Let's see what FoxSports.com's Ken Rosenthal has for us in his latest Full Count video...
- Chone Figgins could be one of the most popular free agents this winter. The White Sox have long had interest in him, and his skills as a leadoff hitter will make him attractive to many teams, perhaps even the Yankees.
- Figgins will come cheaper than Matt Holliday or Jason Bay, and the Yanks could easily withstand his lack of power if they put him in left field. Four years younger than Johnny Damon, Figgins and Derek Jeter would make a dynamic 1-2 punch atop the Yankees' lineup.

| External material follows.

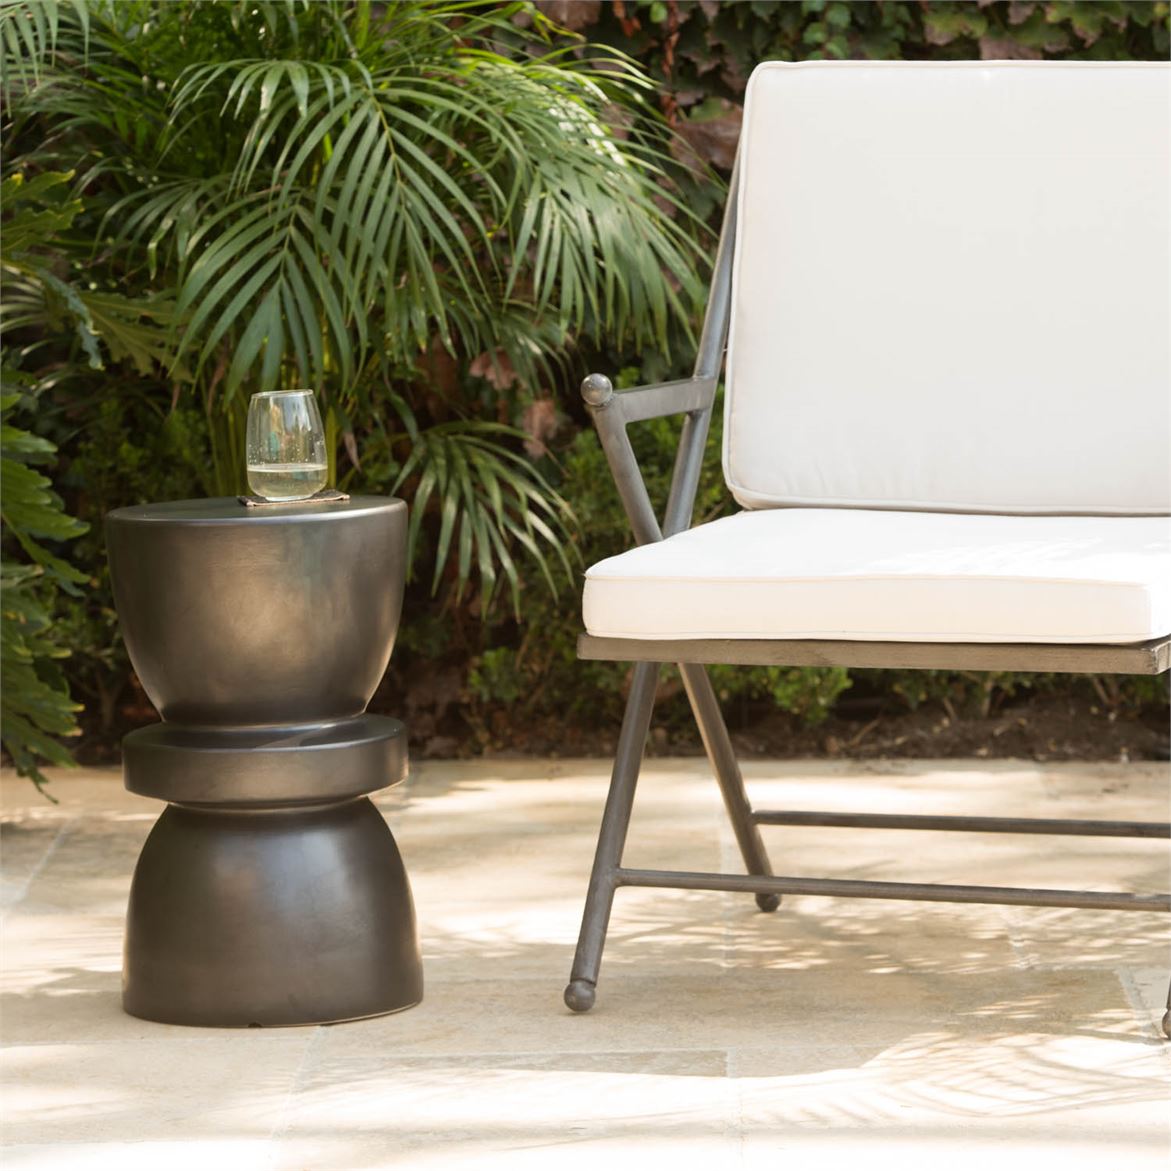 Within the new site of Meadow Blu is an expanded Outdoor collection for customers to shop.
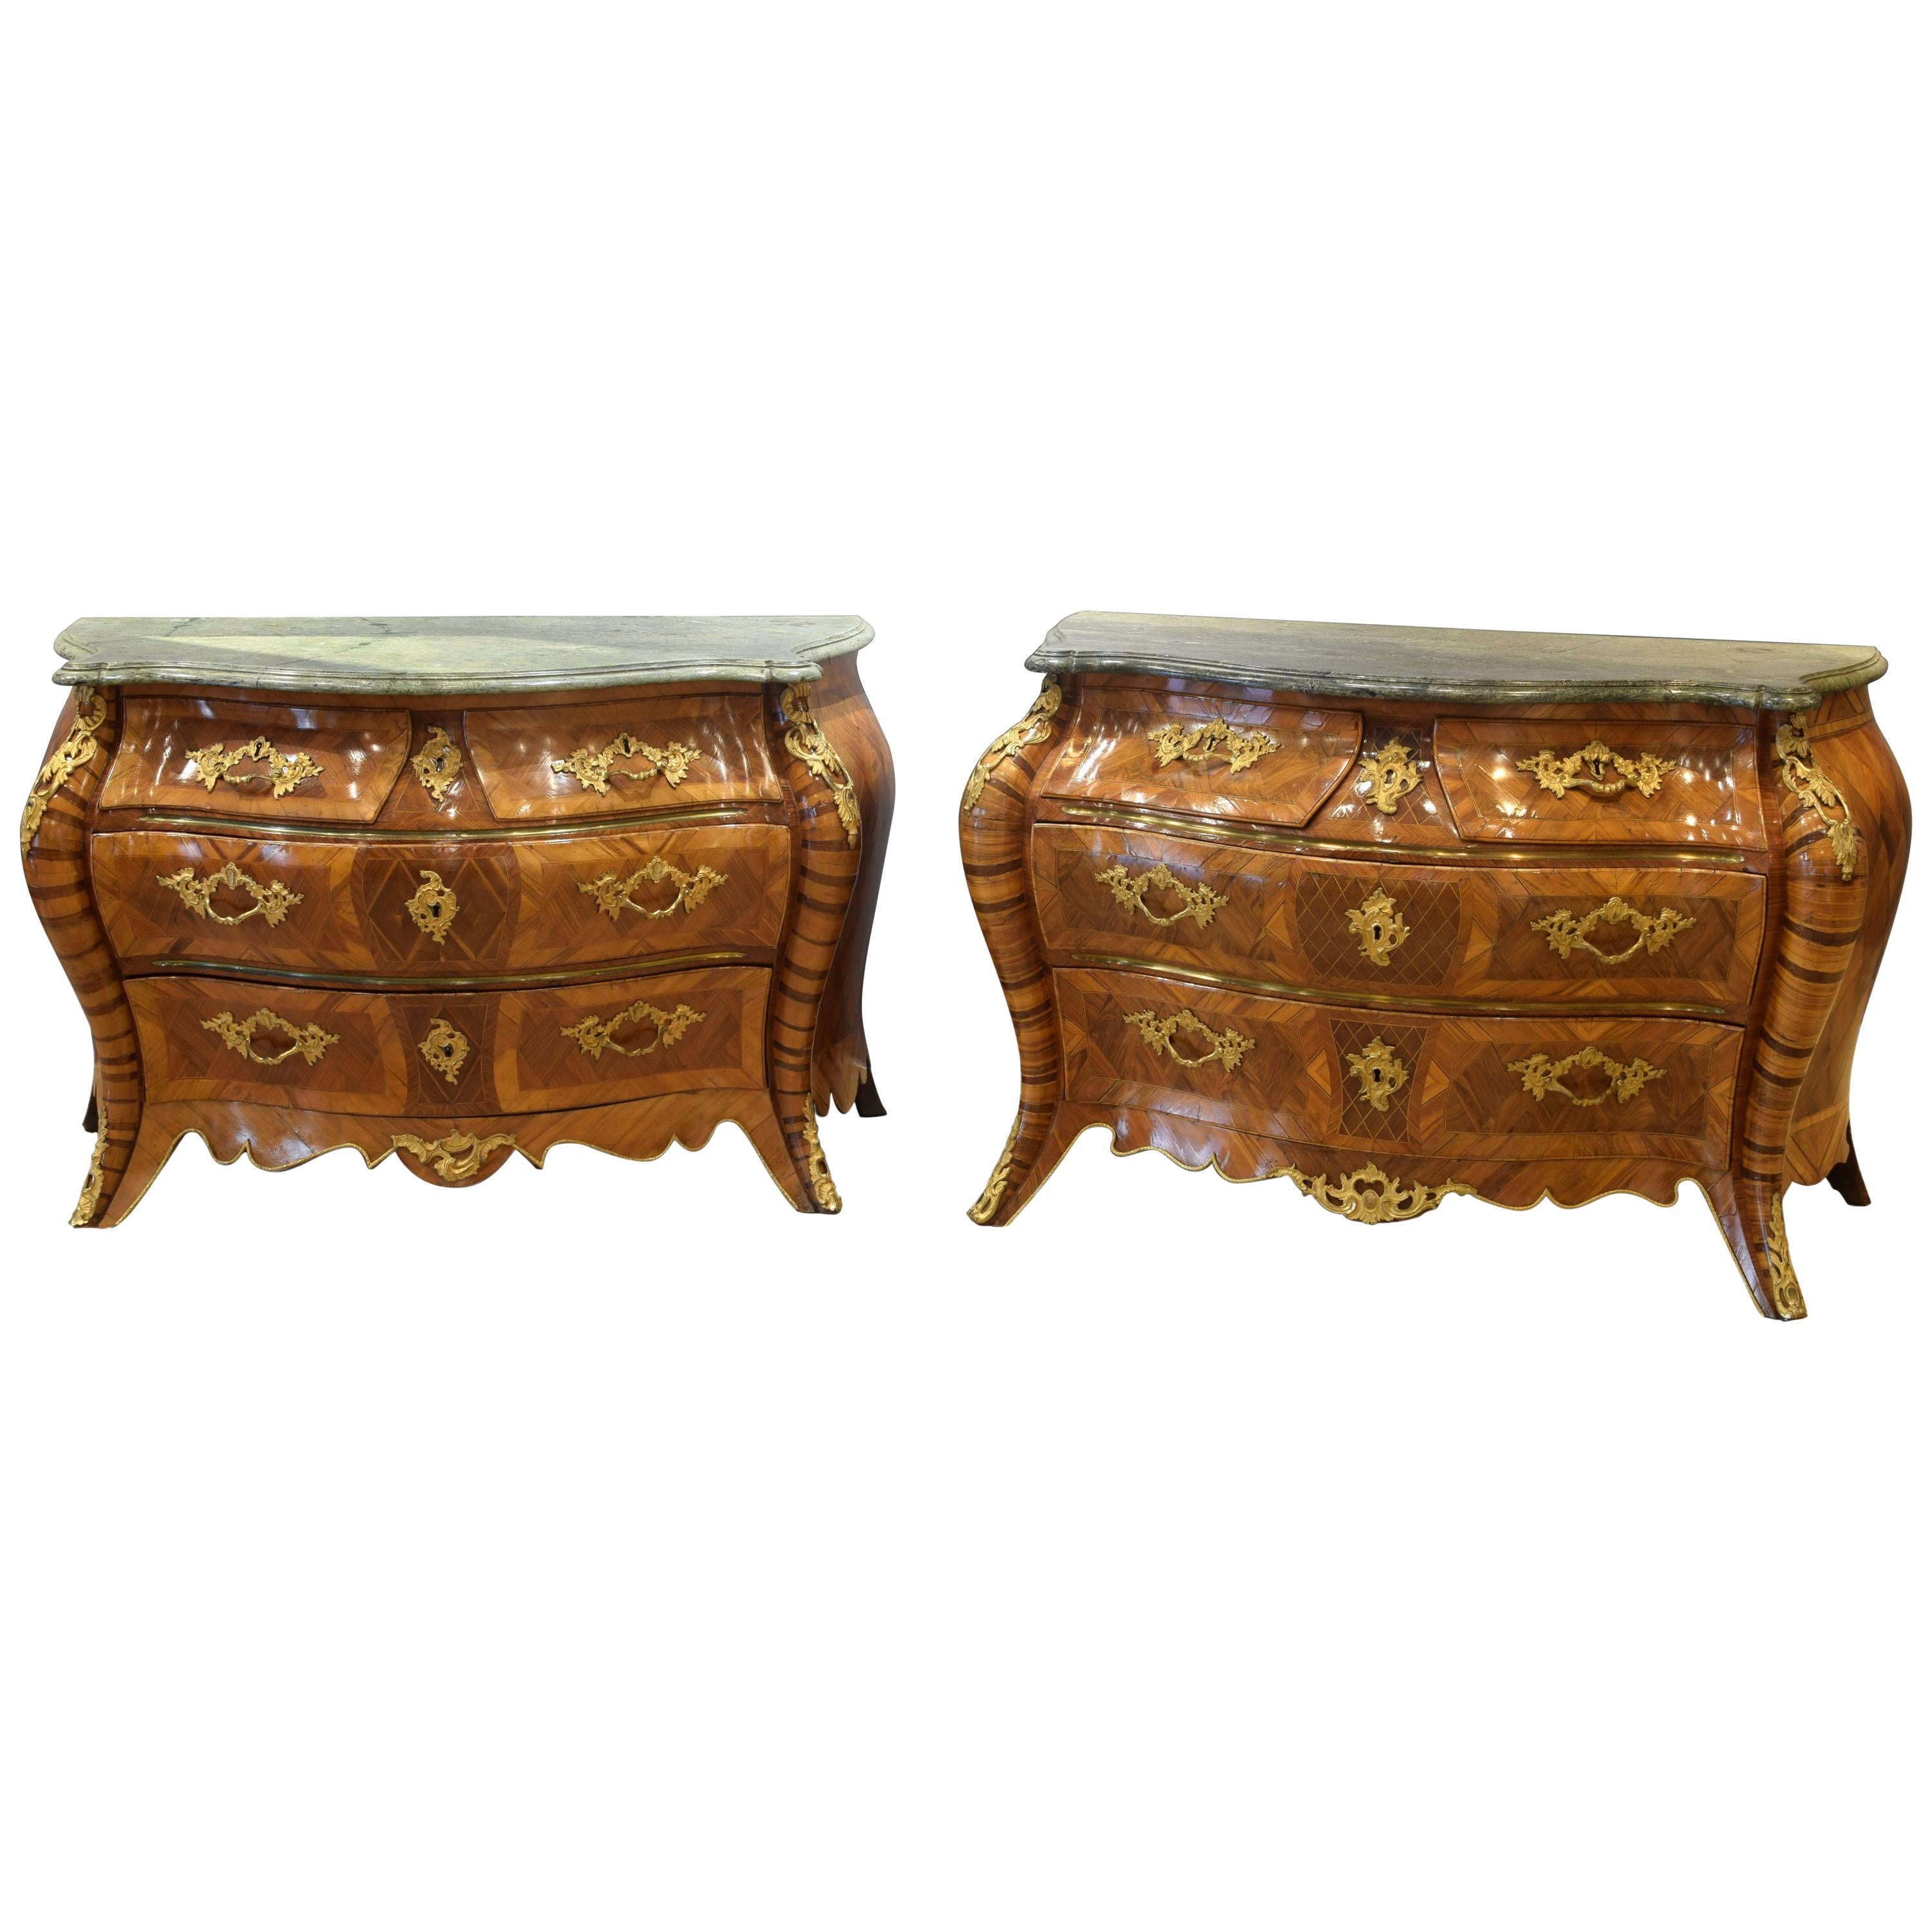 Pair of Bombe Commodes, Wood, Marble, Bronze, Sweden, 18th Century

- Apparently, Hanley Ramirez isn't very popular in the Marlins' clubhouse. The complaints should only go so far though, because he's played hurt this seasons and is on target to play in 150 or more games for the fourth straight year. Hanley's also batting .385 with runners in scoring position this year after hitting just .239 in those spots last year. He's also worked very hard to improve his defense as well.
- The Dodgers did well by adding Jon Garland and Vicente Padilla to their rotation, but one National League GM is worried about Clayton Kershaw because he's approaching 3,000 pitches thrown on the season, which is when you start to worry.
- Maybe it's time to cut J.D. Drew some slack. Sure, he's missed 92 games in three seasons with Boston, but one team official told Rosenthal he'd sign Drew to the same contract (five years, $70MM) again in a second. The Red Sox consider Drew one of the five best right fielders in baseball when you consider on-base percentage, slugging percentage, and defense.